Ознакомительная версия. Доступно 22 страниц из 110
2°49´ ю. ш. / 16°45´ з. д
В завесе из света колеблются плавники мант, как шевелится под бризом любая кайма. Но они плывут не внизу, в воде. Нет, они плывут на высоте моих глаз, прямо перед протяженным леером. И все же они не летают. А именно плывут так высоко, что даже пена, слетающая с гребней волн, не достает до них.
Этим, вот уже час, я всецело заворожен. Поэтому едва ли замечаю визитера, который сегодня опять навестил меня. Теперь уже он все время держит мою правую руку. Очевидно, не понимая, что от меня в ней вообще ничего нет.
В этом тоже можно натренироваться – как устраняться из собственного тела. Нужно только, к примеру, сосредоточиться на этих удивительных мантах. Они тоже справились с этим, устранились. Правда, из воды, а не из своих тел. Для них речь, собственно, идет о необходимом им воздухе.
Все-таки пока что мой визитер не плакал. За это я ему благодарен. Так что мне не придется устраняться еще и из собственных ушей, я смогу и дальше прислушиваться к ветру. Как он идет и идет.

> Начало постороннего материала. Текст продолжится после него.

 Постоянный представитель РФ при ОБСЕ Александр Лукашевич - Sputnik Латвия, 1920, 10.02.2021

Но что меня всегда так скептично настраивало по отношению к переселению душ – это что люди, по их утверждениям, почти всегда были раньше Клеопатрой. Или Александром Великим, или Мухаммедом Али, который еще именовался Кассиусом Клеем, когда моя бабушка вставала каждую ночь. Ей это доставляло гигантское удовольствие – когда кому-то в кровь разбивали нос. Она стуком в стену вытаскивала соседей из кроватей, и все собирались у нее перед телевизором. Где восторженно взревывали «Вау!», когда у кого-то лопалась бровь. И пили под это дело «Фабер-кристалл».

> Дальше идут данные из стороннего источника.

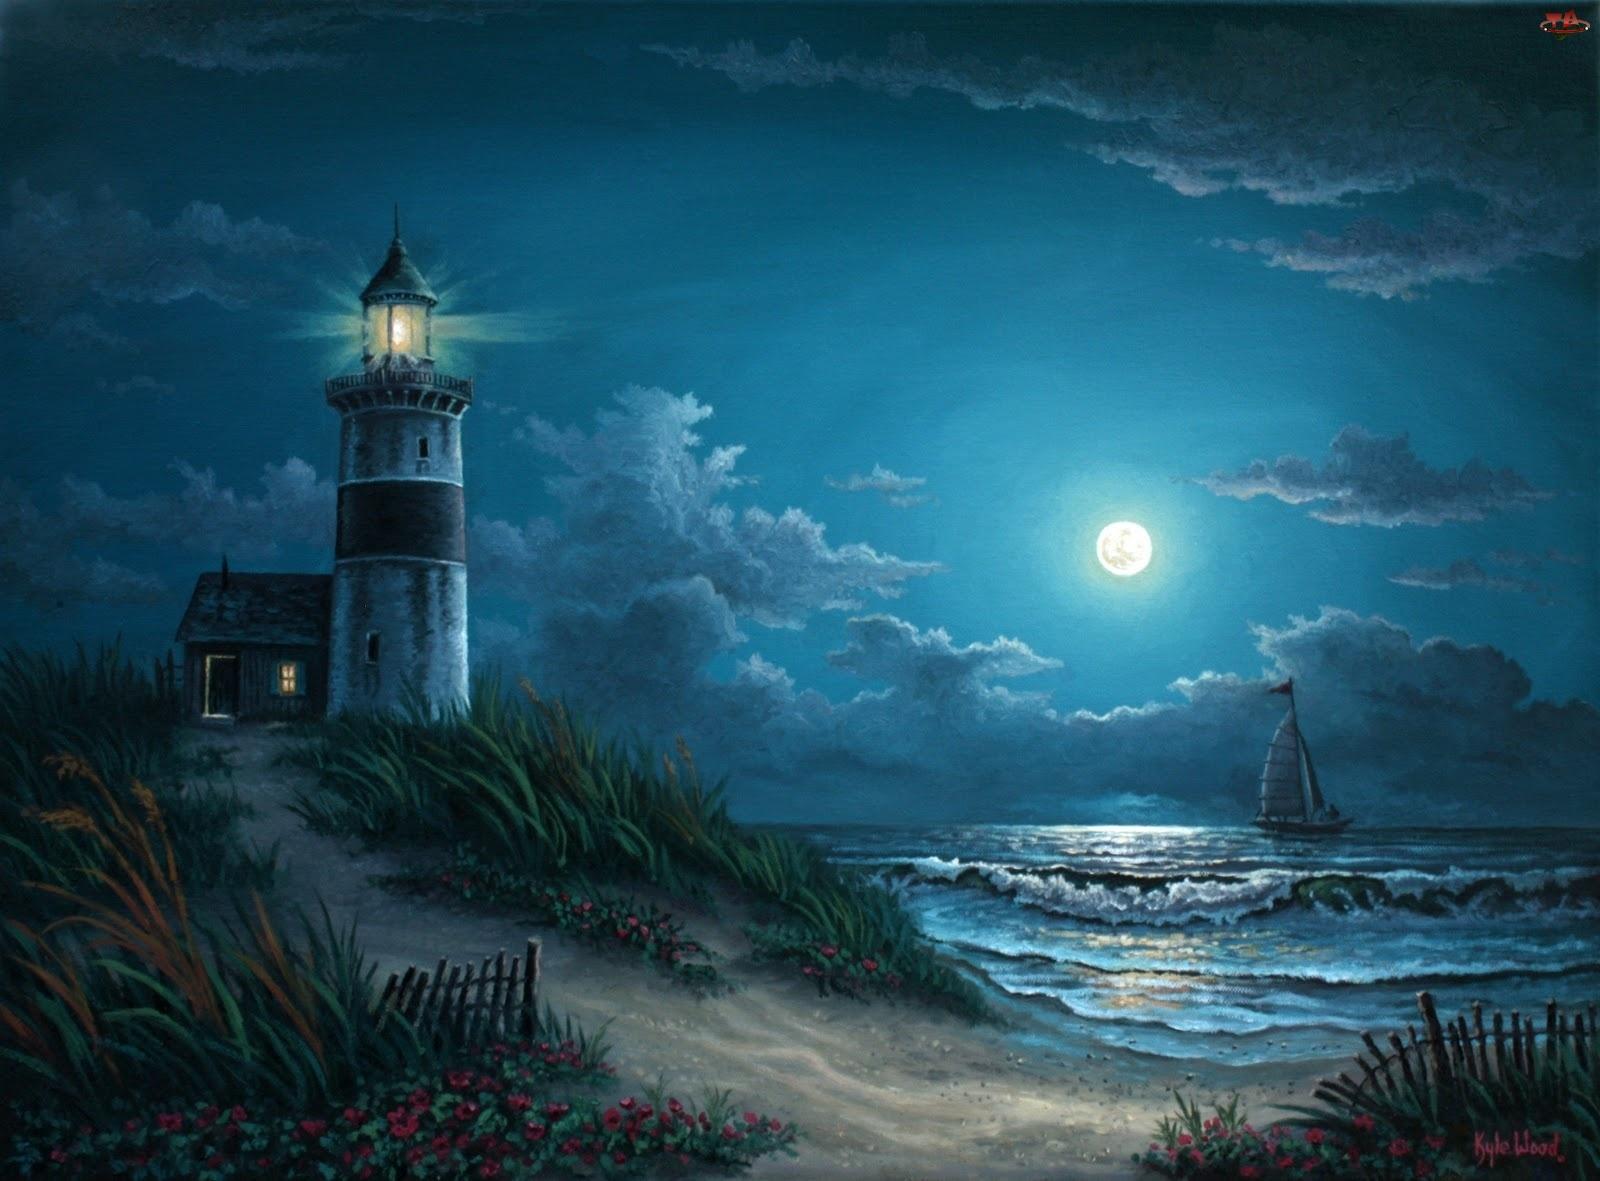 Latarnia Morska, Księżyc, Morze, Noc

Эти люди предпочитали держаться в ближайшем окружении Клеопатры. И таким образом придавали себе хоть немного значимости. Никогда ни один из них не был, как раньше я, простым плотником или тем паче гробовщиком в какой-нибудь лесной деревушке. Или одним из тех, что имелись раньше у вас: крепостным крестьянином, которому не хватает хлеба, чтобы досыта накормить себя и своих. Нет, чаще всего такой человек претендовал, самое меньшее, на роль Марлен Дитрих.
Никто не хочет признаться, что в прошлой жизни был Гитлером, – что раз и навсегда подрывает идею переселения душ. Тем не менее теперь я знаю: это не фокус факиров – когда они годами держат руку поднятой в небо, так что вся кровь от нее отливает, но они тем не менее не становятся больными.
Только рука через некоторое время, само собой, сильно усыхает. Так что я, собственно, надеюсь, что визитер мою руку отпустит. Мне она еще пригодится, для трости госпожи Зайферт. И чтобы продолжать писать это письмо, потому что я хочу отмечать для тебя все, что представляется мне достойным внимания, а главное – обдумывания.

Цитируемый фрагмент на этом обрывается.